(Record extracts Opens)

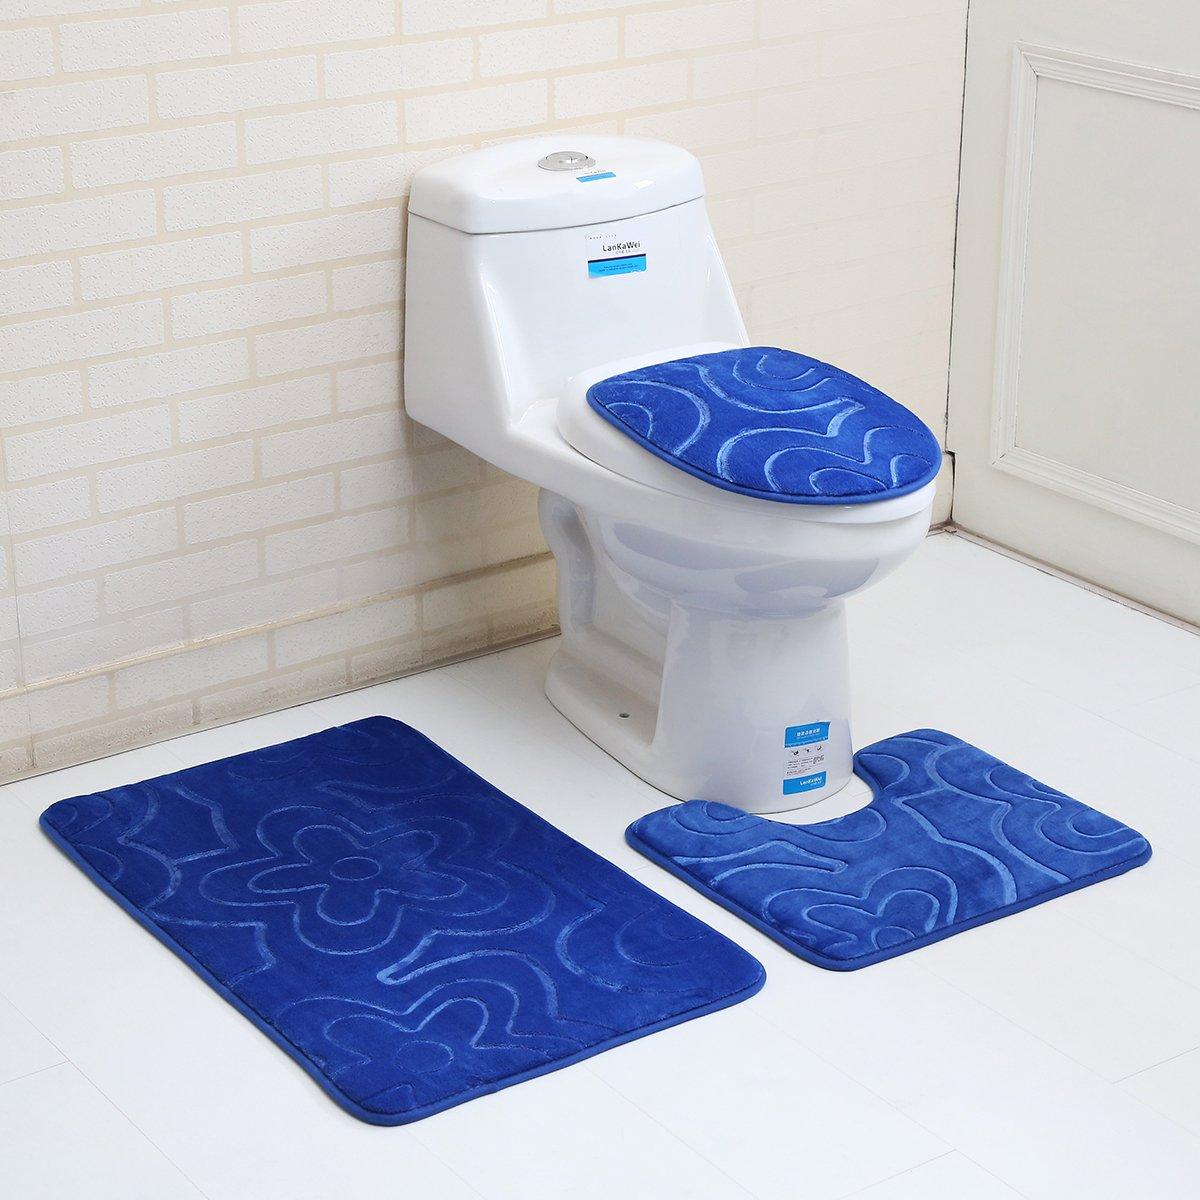 """3PC Bath Mat Rug Set Bathroom Non-Slip Floor Mat Flannel Pedestal Rug(15.7""""x19.7"""") + Lid Toilet Cover(15.7""""x17.7"""") + Bath Mat Makaor (19.7""""x31.4"""") (Dark blue)"""
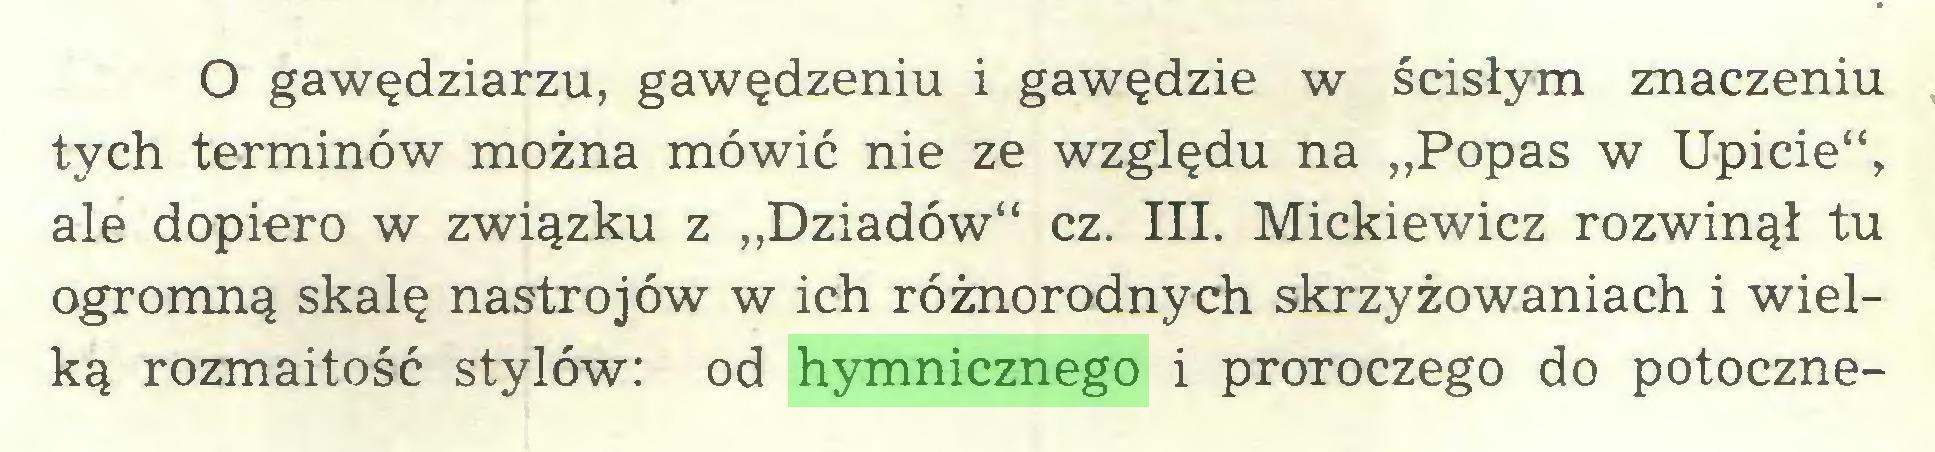 """(...) O gawędziarzu, gawędzeniu i gawędzie w ścisłym znaczeniu tych terminów można mówić nie ze względu na """"Popas w Upicie"""", ale dopiero w związku z """"Dziadów"""" cz. III. Mickiewicz rozwinął tu ogromną skalę nastrojów w ich różnorodnych skrzyżowaniach i wielką rozmaitość stylów: od hymnicznego i proroczego do potoczne..."""
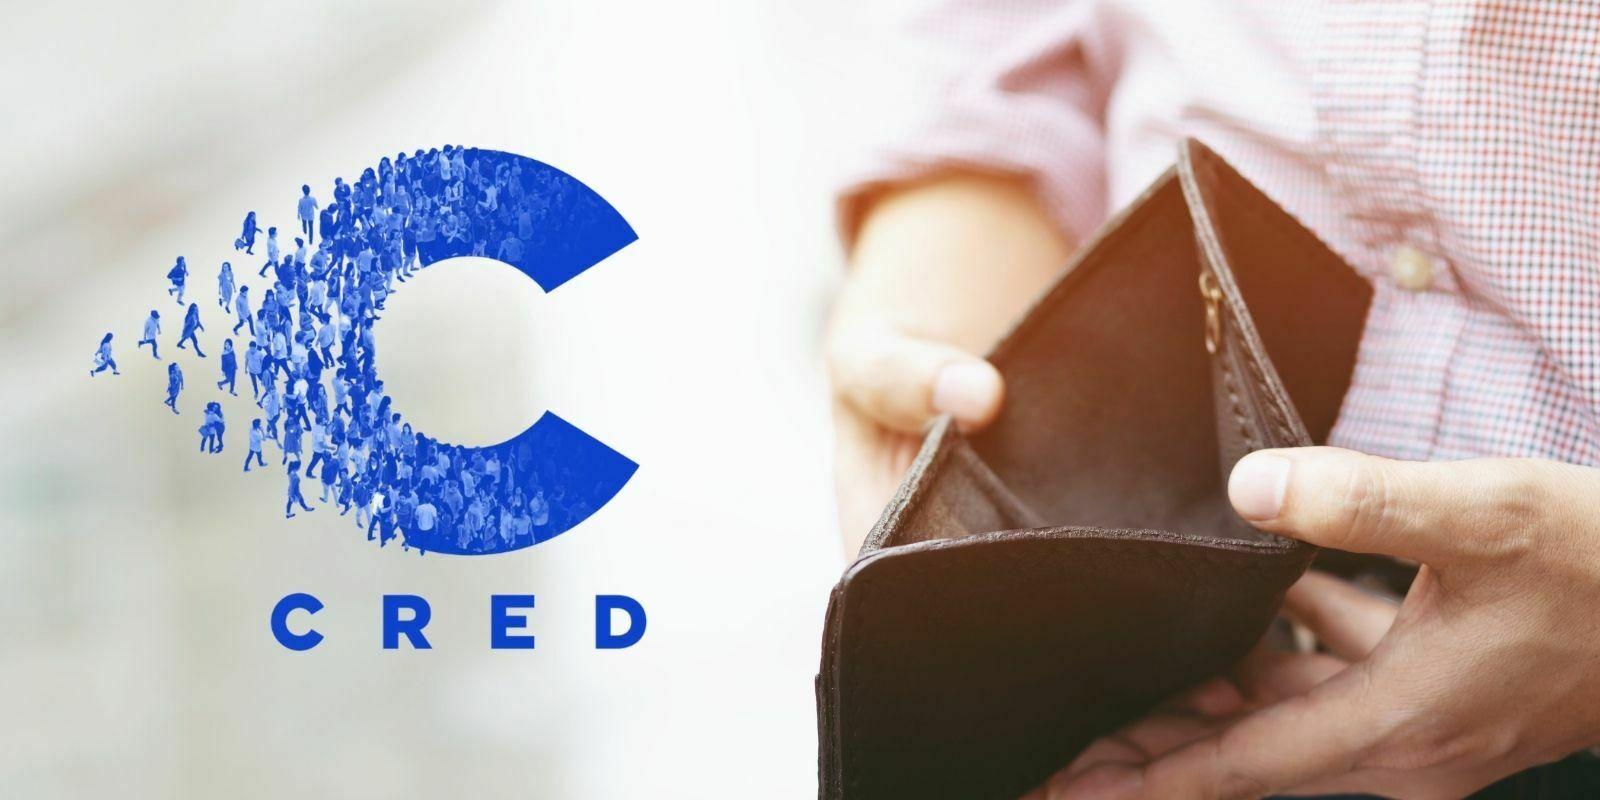 La plateforme de prêt de cryptomonnaies Cred fait faillite - Les fonds des utilisateurs en danger ?
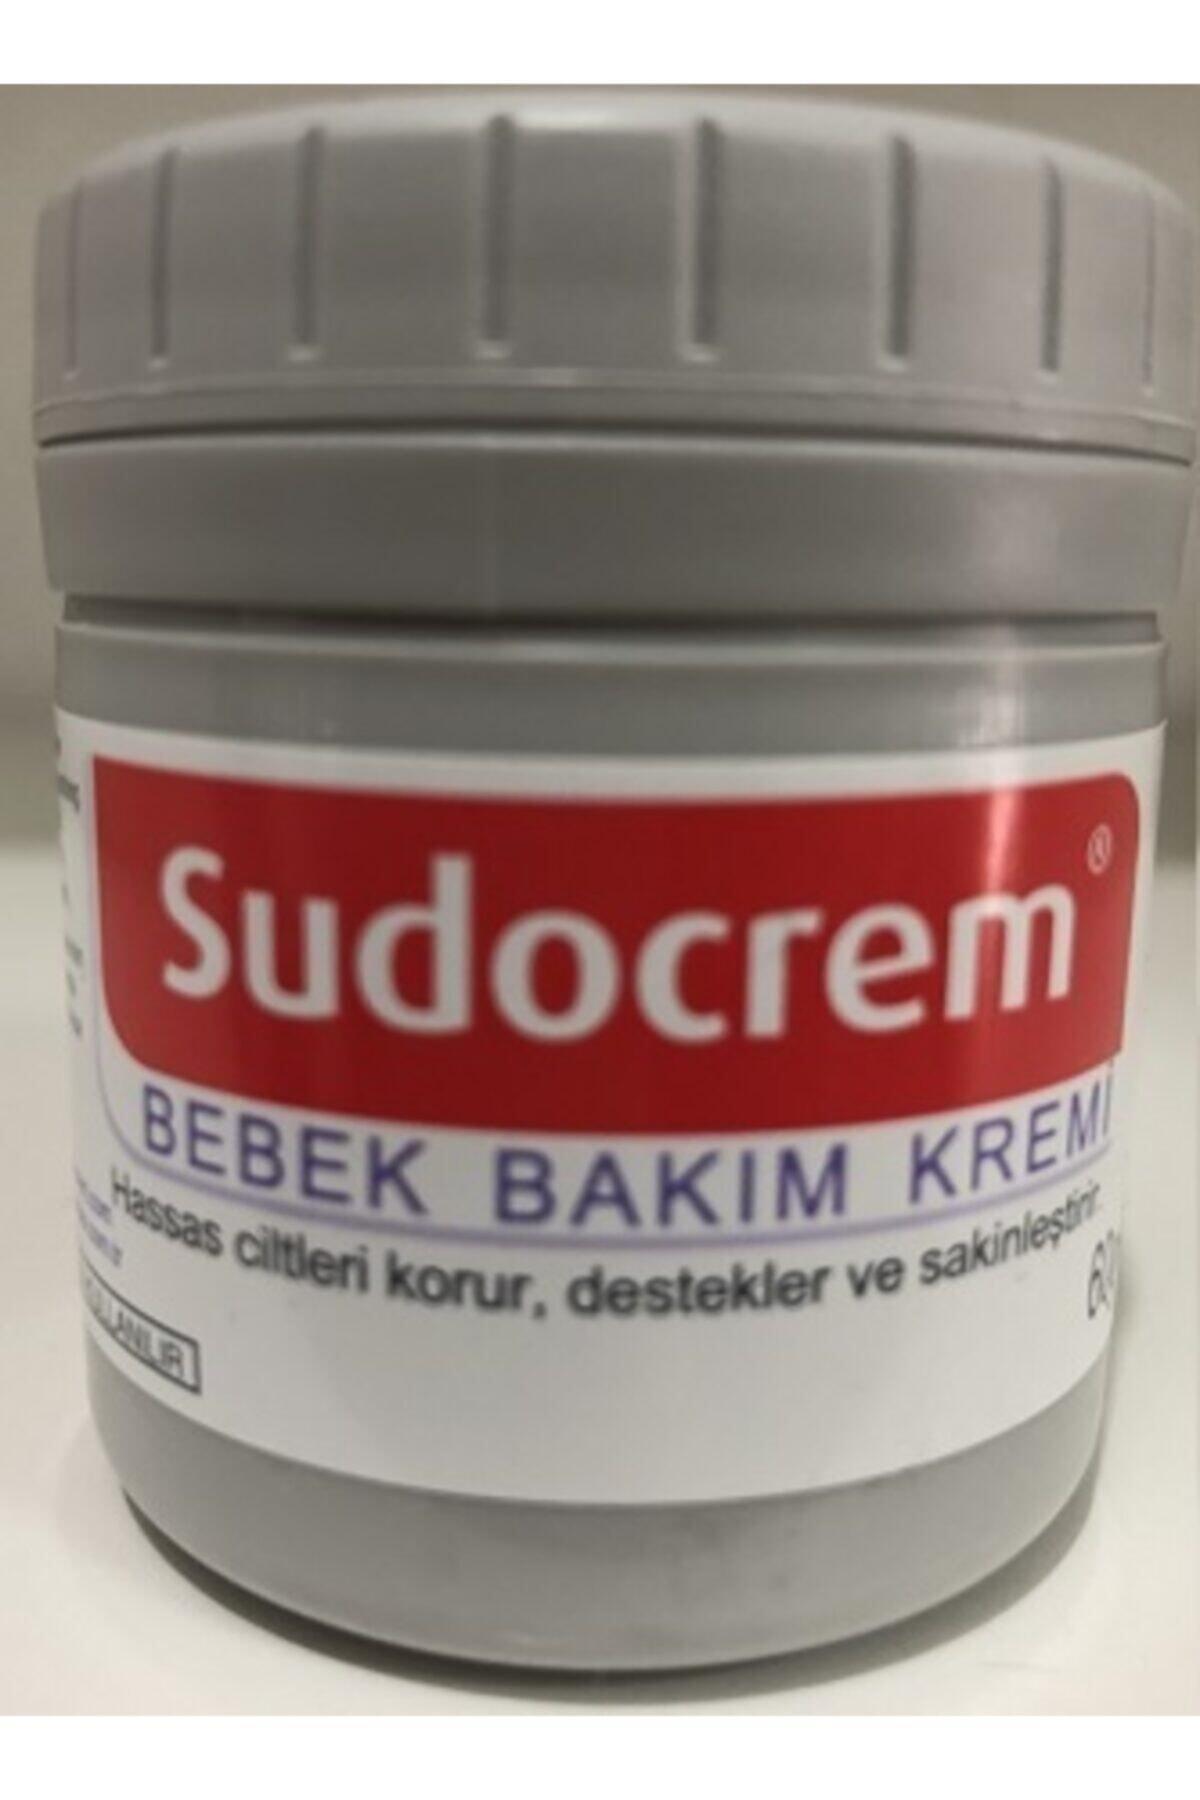 Sudocrem Biocodex Bebek Bakım Kremi 60 gr 1
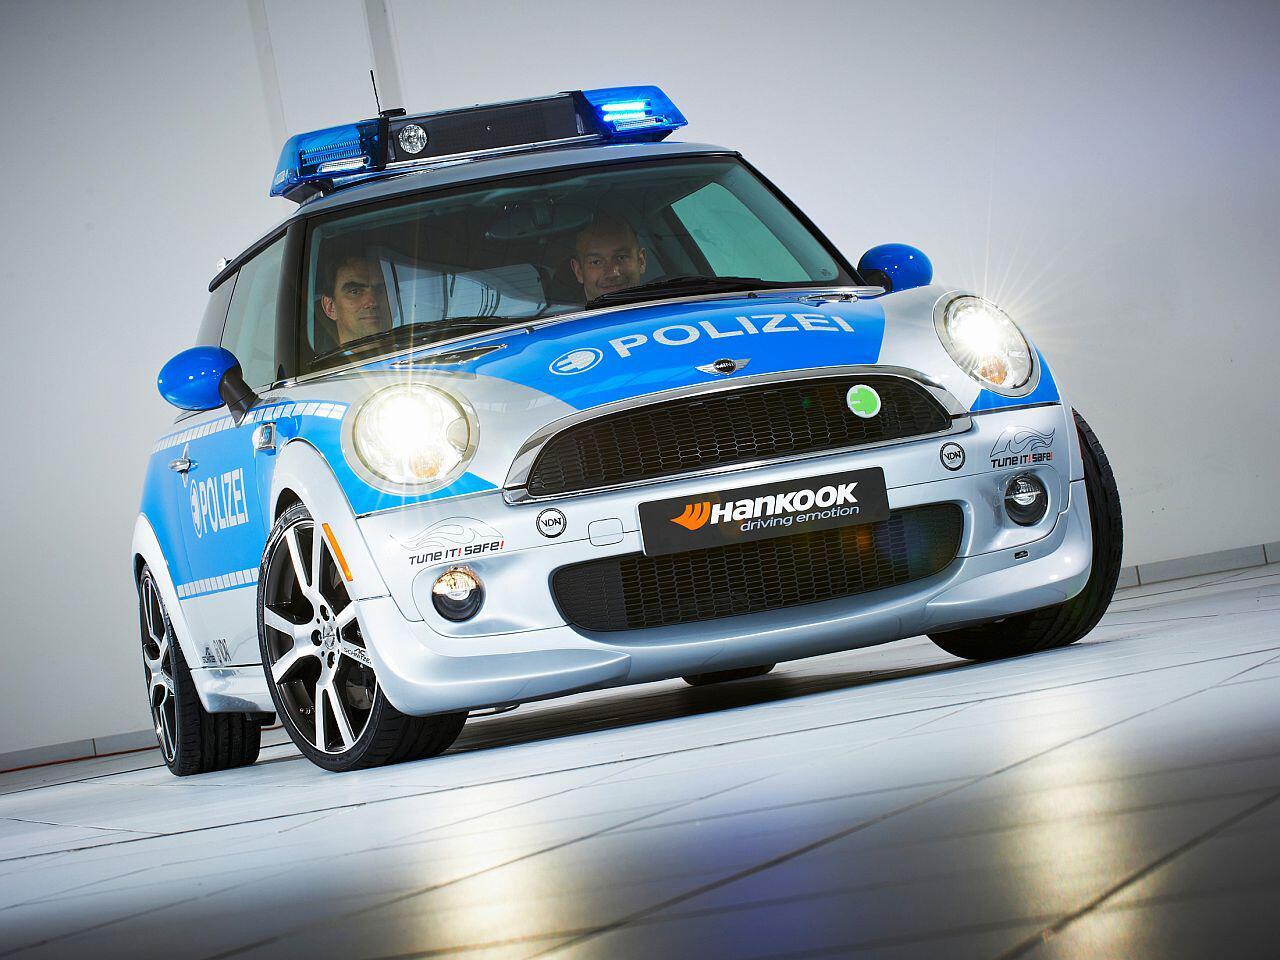 Bild zu Verbrecherjagd im Mini Cooper: Die Polizei-Farben stehen dem Mini richtig gut
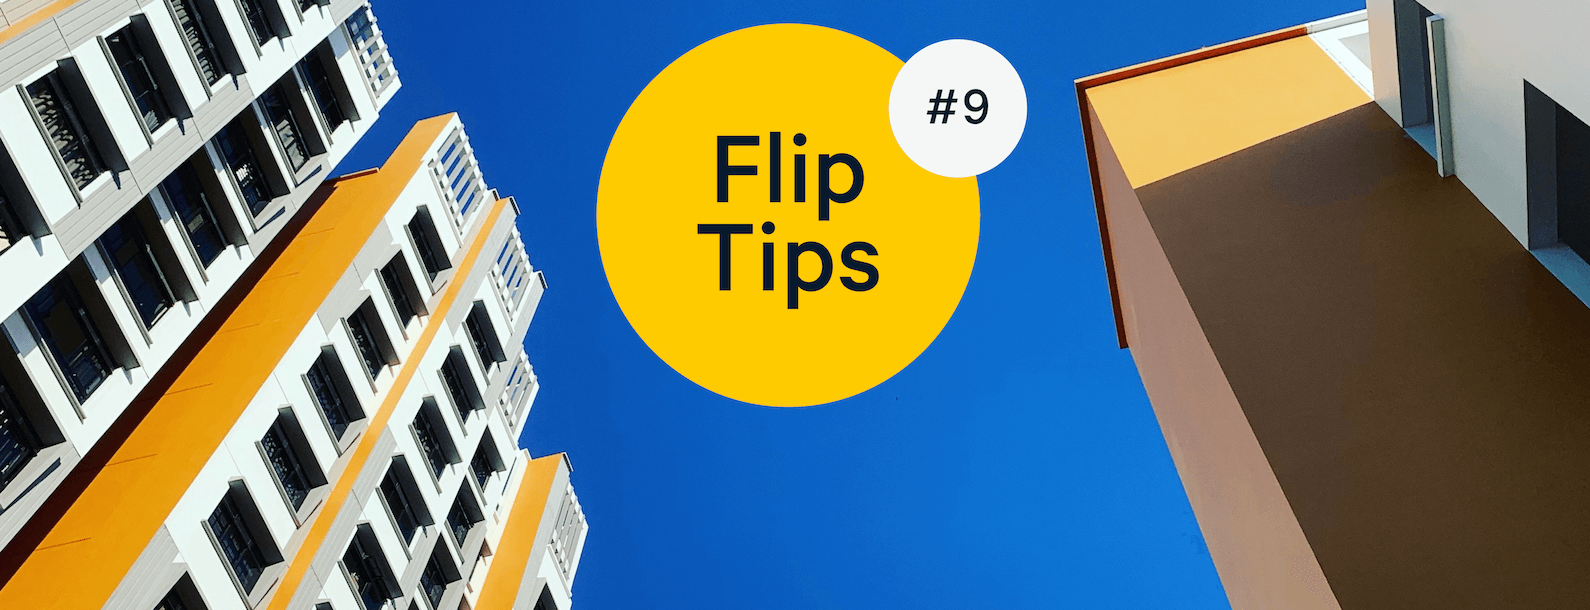 Unique Flips and Real Estate Niche: Flip Tips   LendingHome

(Record extracts Closes)

__Task to carry out__.
Write out every line above again exactly, with the pictures left out.

__Response below__.
 """3PC Bath Mat Rug Set Bathroom Non-Slip Floor Mat Flannel Pedestal Rug(15.7""""x19.7"""") + Lid Toilet Cover(15.7""""x17.7"""") + Bath Mat Makaor (19.7""""x31.4"""") (Dark blue)"""
 """(...) O gawędziarzu, gawędzeniu i gawędzie w ścisłym znaczeniu tych terminów można mówić nie ze względu na """"Popas w Upicie"""", ale dopiero w związku z """"Dziadów"""" cz. III. Mickiewicz rozwinął tu ogromną skalę nastrojów w ich różnorodnych skrzyżowaniach i wielką rozmaitość stylów: od hymnicznego i proroczego do potoczne..."""
 La plateforme de prêt de cryptomonnaies Cred fait faillite - Les fonds des utilisateurs en danger ?
 Sudocrem Biocodex Bebek Bakım Kremi 60 gr 1
 Bild zu Verbrecherjagd im Mini Cooper: Die Polizei-Farben stehen dem Mini richtig gut
 Unique Flips and Real Estate Niche: Flip Tips   LendingHome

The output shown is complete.